R Basics: Syntax & Variables

What Is R Syntax and Why Does It Matter?

In programming, syntax refers to the set of rules that define the combinations of symbols considered correctly structured programs in a given language. In simpler terms, it’s the specific way you must write your instructions so that the R interpreter can understand and execute them.

Understanding R syntax is absolutely crucial because even a tiny mistake—a missing comma, a misplaced parenthesis, or incorrect capitalisation—can lead to errors that prevent your code from running. Mastering these basics empowers you to write clean, efficient, and error-free scripts, laying a solid foundation for your data journey.

R Syntax Basics: Your First Steps in Coding

Let’s dive into the core elements of R syntax that you’ll encounter every day.

Comments: The Programmer’s Notes

Comments are lines in your code that R ignores. They are incredibly useful for you and others to understand what your code does, why you made certain choices, or to temporarily disable a line of code.
In R, you use the hash symbol # to indicate a comment.

  • Anything after # on a line is treated as a comment.
  • Comments improve code readability and maintainability.
# This is a single-line comment
x <- 10 # This comment explains what x is

Variables and Assignment: Storing Your Data

Variables are like named containers that hold values.
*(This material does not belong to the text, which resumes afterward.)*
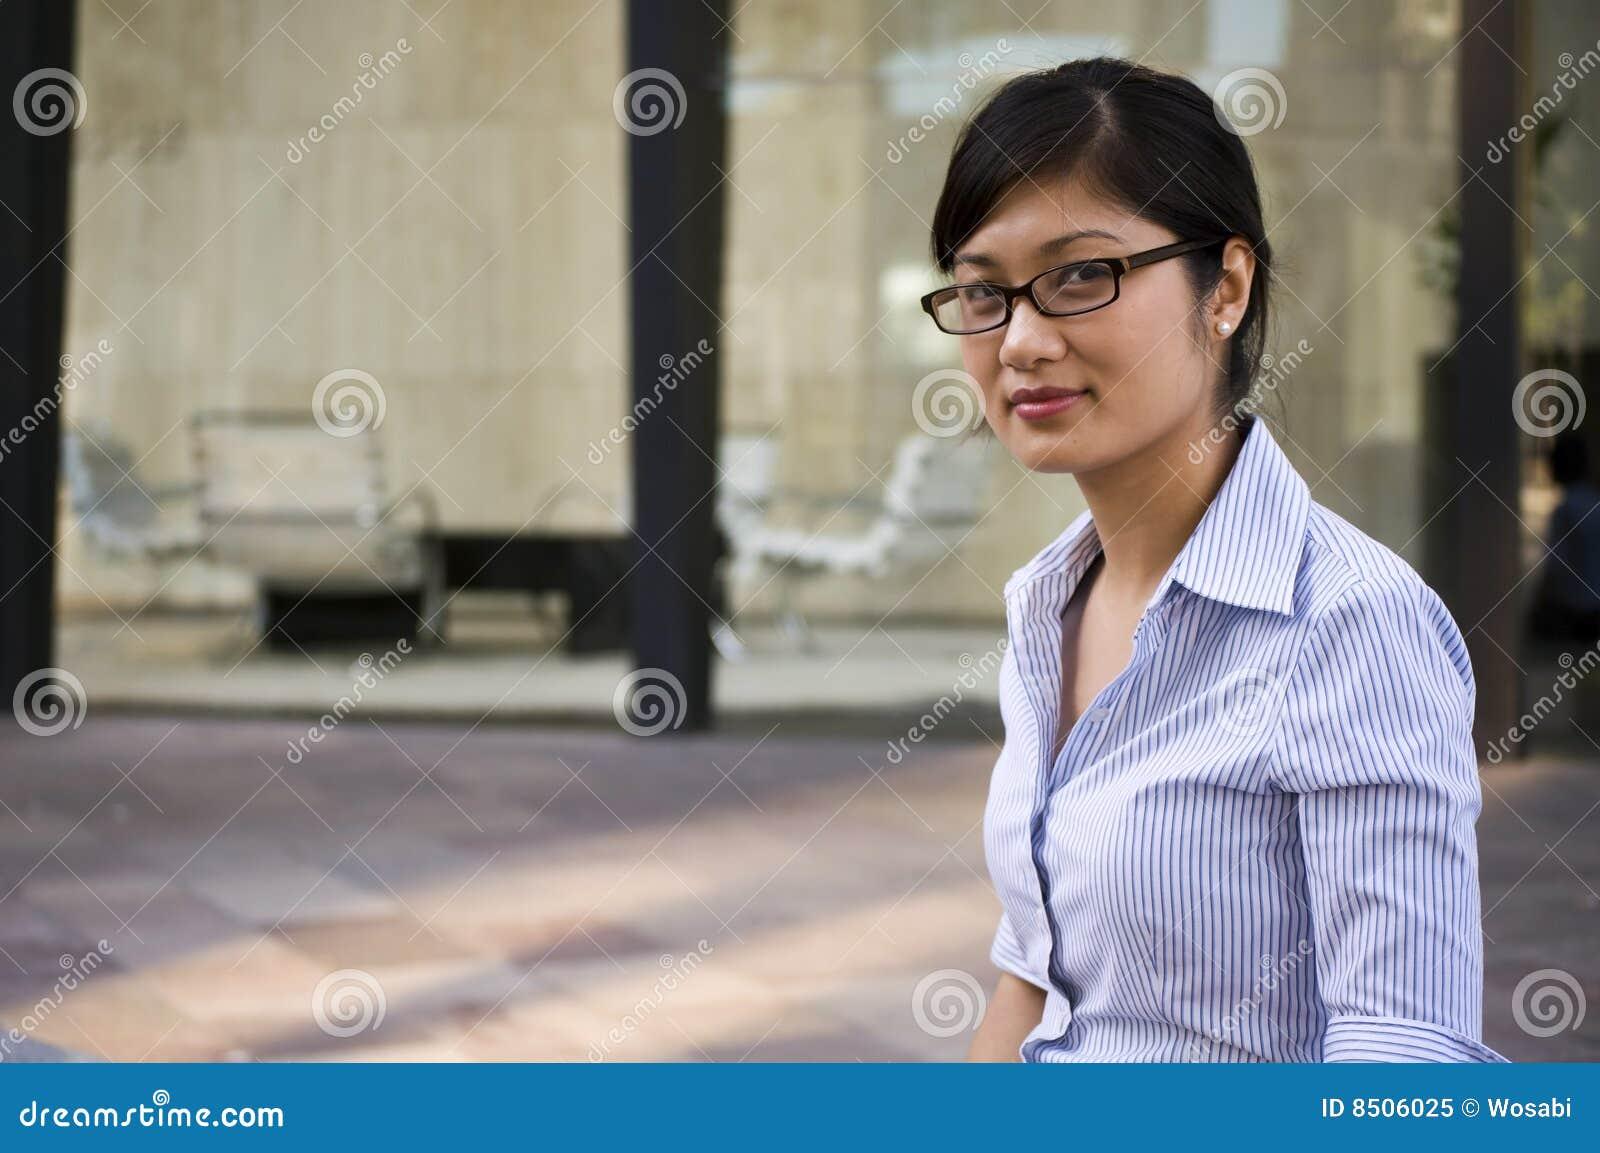 Professional Intelligent Woman Royalty Free Stock Photo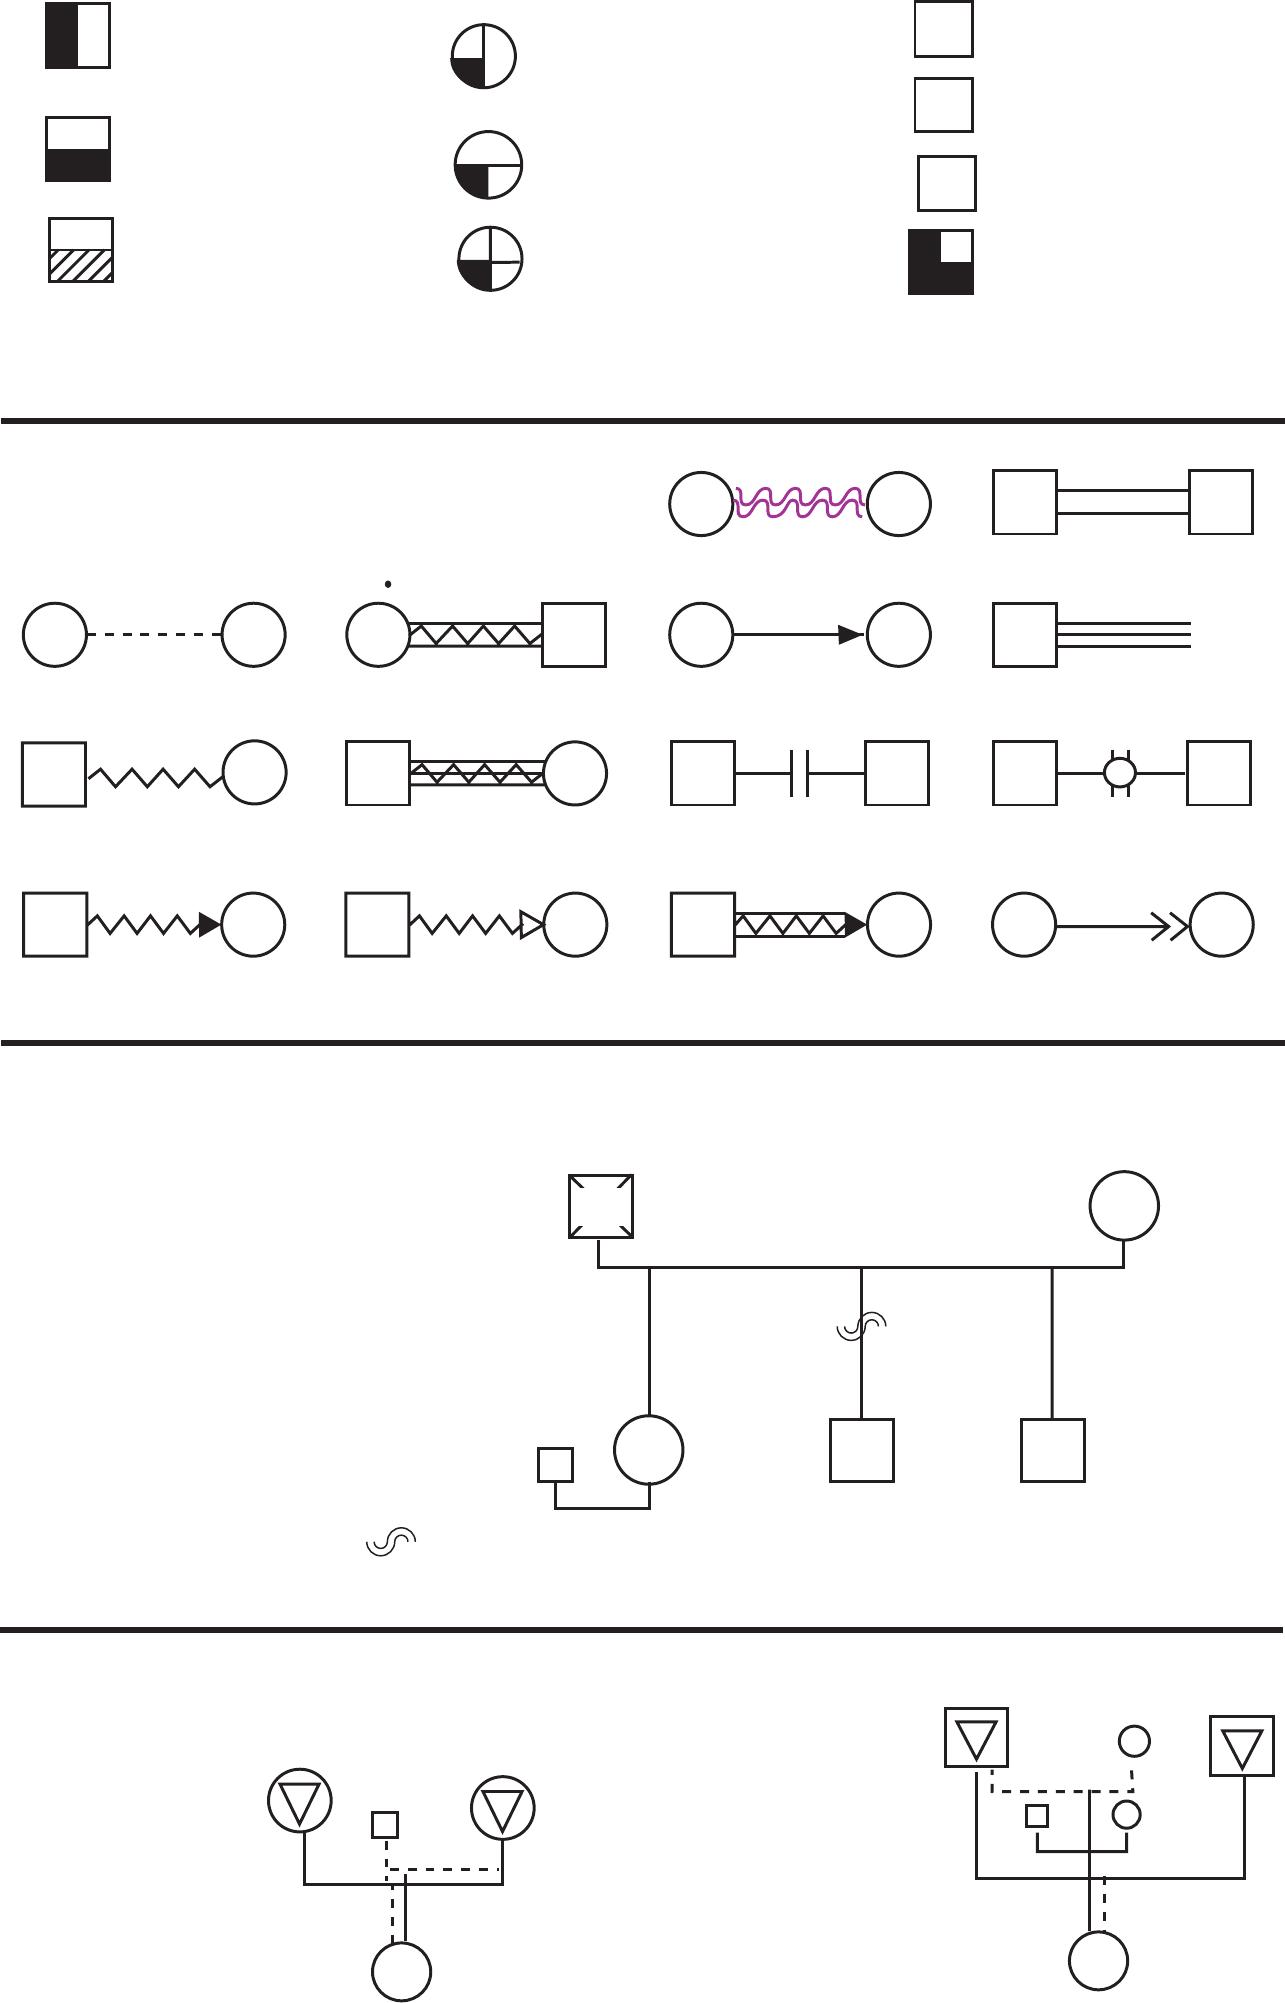 Standard Genogram Symbols Template

You use them to store data (numbers, text, logical values) so you can refer to it and manipulate it later in your script. In R, the primary way to assign a value to a variable is using the assignment operator <- (a less-than sign followed by a hyphen).

  • You can also use = for assignment, but <- is generally preferred for clarity and consistency in R.

  • Variable names should start with a letter and can contain letters, numbers, and underscores (_) or periods (.).

  • R is case-sensitive! myVariable is different from myvariable.

# Assigning a number to a variable
my_number <- 42

# Assigning text (a character string)
my_text <- "Hello, R!"

# Assigning a logical value
is_active <- TRUE

Data Types: What Kind of Information Are You Handling?

Every piece of data in R has a type, which tells R what kind of information it is and how it can be used. Understanding data types is fundamental for performing correct operations.

  • Numeric: For numbers (integers like 5 or decimals like 3.14).

  • Character: For text, enclosed in single or double quotes ("hello", 'world').

  • Logical: For boolean values, either TRUE or FALSE.

# Numeric examples
age <- 30
pi_value <- 3.14159

# Character examples
name <- "Alice"
message <- 'Welcome to R programming.'

# Logical examples
is_raining <- FALSE
has_data <- TRUE

# You can check the type with the class() function
class(age)
[1] "numeric"
class(name)
[1] "character"

Vectors: The Building Blocks of R

Vectors are the most basic data structure in R. They are ordered collections of elements of the same data type. You create vectors using the c() function, which stands for “combine” or “concatenate”.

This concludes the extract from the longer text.